1c66c6f Ensure Java8-runnable code even if Java9-compiled

Would you mind to explain the scenario this fixes? I'd like to understand why this change is needed.

The context is https://github.com/validator/validator/issues/634. For a succinct description of the underlying cause, see https://github.com/eclipse/jetty.project/issues/3244#issuecomment-452378420

c5d11f9 Add .classpath, .settings, .project, .mailmap …

.classpath and .project are generated/managed automatically by Eclipse for Maven projects. So even if you don't use Maven yourself: just the fact that Eclipse detects a pom.xml file (which I'm planning to update as part of #14), will make it manage those files itself

Yes, so I agree we don’t need those.

.settings contains preferences, some of which are derived by the IDE from the pom.xml as well. Nearly all others are related to style/formatting.

Yes, those style/formatting ones are the ones we care about

However, w.r.t. formatting, I believe it would be better to add an .editorconfig file, which covers the basics such as indentation and EOL characters, and is supported in pretty much every editor.

It’s been desirable for us so far to enforce more than just the basics. The style/formatting settings in the .settings files came originally from @hsivonen to me years ago because I wanted to ensure the changes I made were consistent with what he was doing.

For detailed formatting/style conventions, I believe PR reviews would suffice.

Sure. But in that case what I would want to ask is that anybody doing reviews should check, as part of the review, that the code they are reviewing conforms to the same style and formatting rules that are formalized in those .settings files. So is there a good way to do that which doesn’t require having those files in the repo? Or is there some other tooling we could have in the repo that provides the same level of granularity for style/format checking as those files?

In the end, if we don’t agree on those files going into master, then I’m OK with that. It’d just be a bit disappointing to me if we lose any way to help automate enforcement of style and formatting.

anthonyvdotbe commented 4 years ago

The context is validator/validator#634. For a succinct description of the underlying cause, see eclipse/jetty.project#3244 (comment)

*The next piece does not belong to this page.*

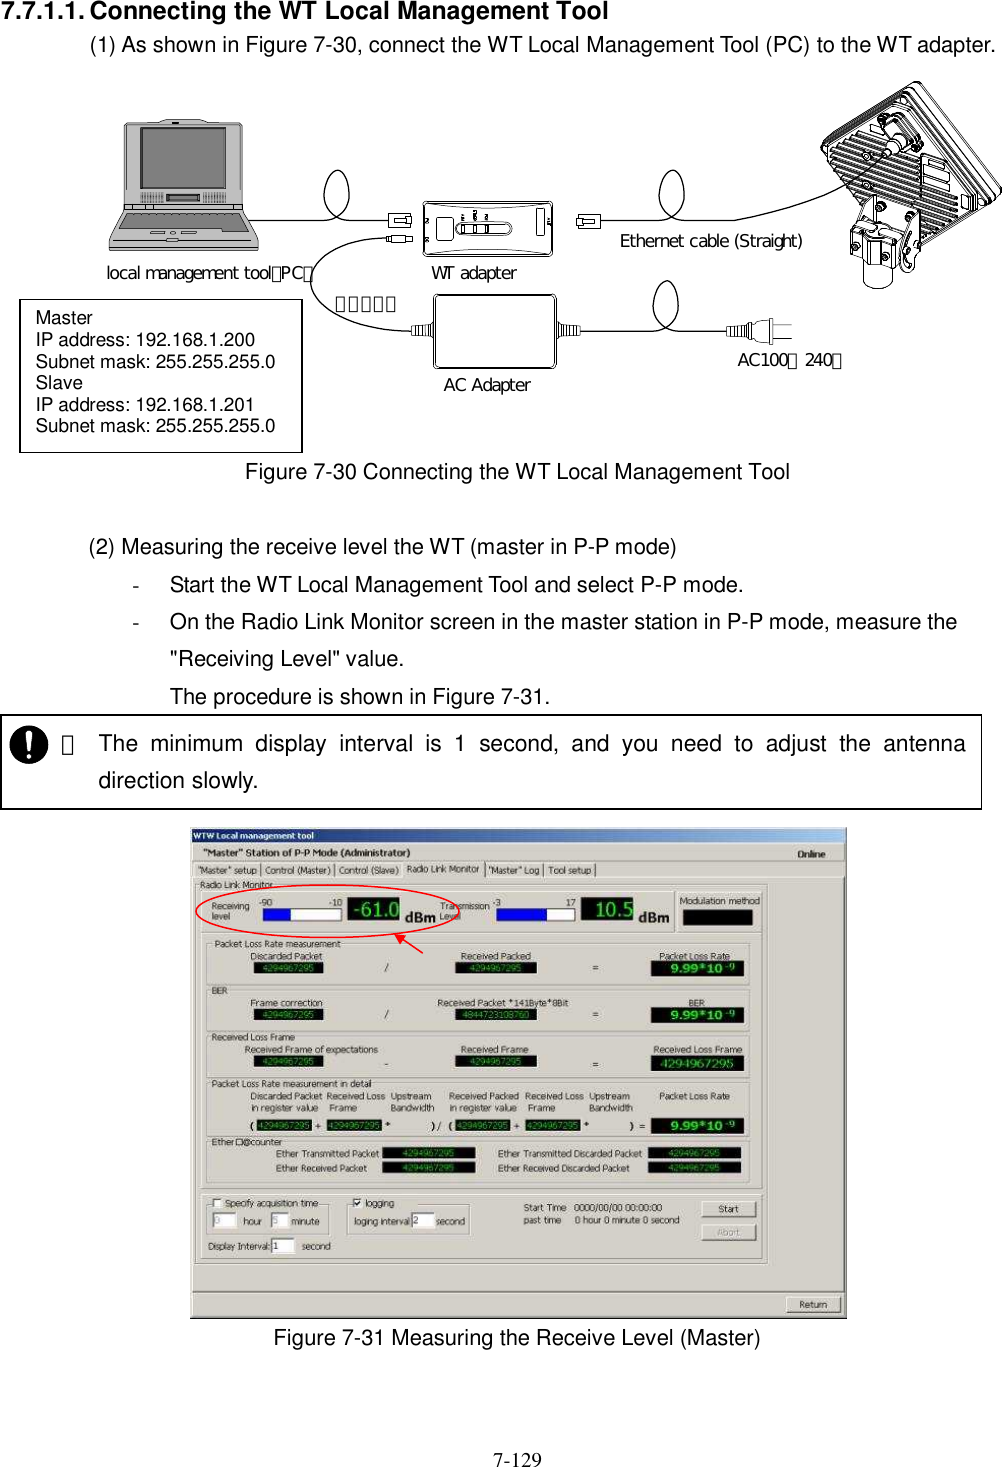   7-129 7.7.1.1. Connecting the WT Local Management Tool (1) As shown in Figure 7-30, connect the WT Local Management Tool (PC) to the WT adapter.  Figure 7-30 Connecting the WT Local Management Tool  (2) Measuring the receive level the WT (master in P-P mode) -  Start the WT Local Management Tool and select P-P mode. -  On the Radio Link Monitor screen in the master station in P-P mode, measure the &quot;Receiving Level&quot; value. The procedure is shown in Figure 7-31.   Figure 7-31 Measuring the Receive Level (Master)    ・ The  minimum  display  interval  is  1  second,  and  you  need  to  adjust  the  antenna direction slowly.   Master IP address: 192.168.1.200 Subnet mask: 255.255.255.0 Slave IP address: 192.168.1.201 Subnet mask: 255.255.255.0  WT adapterAC Adapter AC100∼240ＶＤＣ２４Ｖlocal management tool（PC）Ethernet cable (Straight)

Thanks, I see now. But isn't it possible to update the build to use --release by now? Apparently it wasn't possible at the time due to Nashorn usage, but it seems Nashorn was eliminated in https://github.com/validator/validator/commit/941c81a2c6f5e6899c70368e558e8eadb3f209ec?

Sure. But in that case what I would want to ask is that anybody doing reviews should check, as part of the review, that the code they are reviewing conforms to the same style and formatting rules that are formalized in those .settings files. So is there a good way to do that which doesn’t require having those files in the repo? Or is there some other tooling we could have in the repo that provides the same level of granularity for style/format checking as those files?

One automated solution would be to use Checkstyle and integrate it in the Maven build. This is IDE-agnostic and would fail the build if the code style/format isn't compliant. But I'm not sure it's actually worth the effort, given that all current contributors seem to use Eclipse.

In the end, if we don’t agree on those files going into master, then I’m OK with that. It’d just be a bit disappointing to me if we lose any way to help automate enforcement of style and formatting.

I don't feel strongly about this, so I'm fine with bringing these files into master. I think all that is really needed, is org.eclipse.jdt.core.prefs though, and then only the org.eclipse.jdt.core.compiler.problem and org.eclipse.jdt.core.formatter properties.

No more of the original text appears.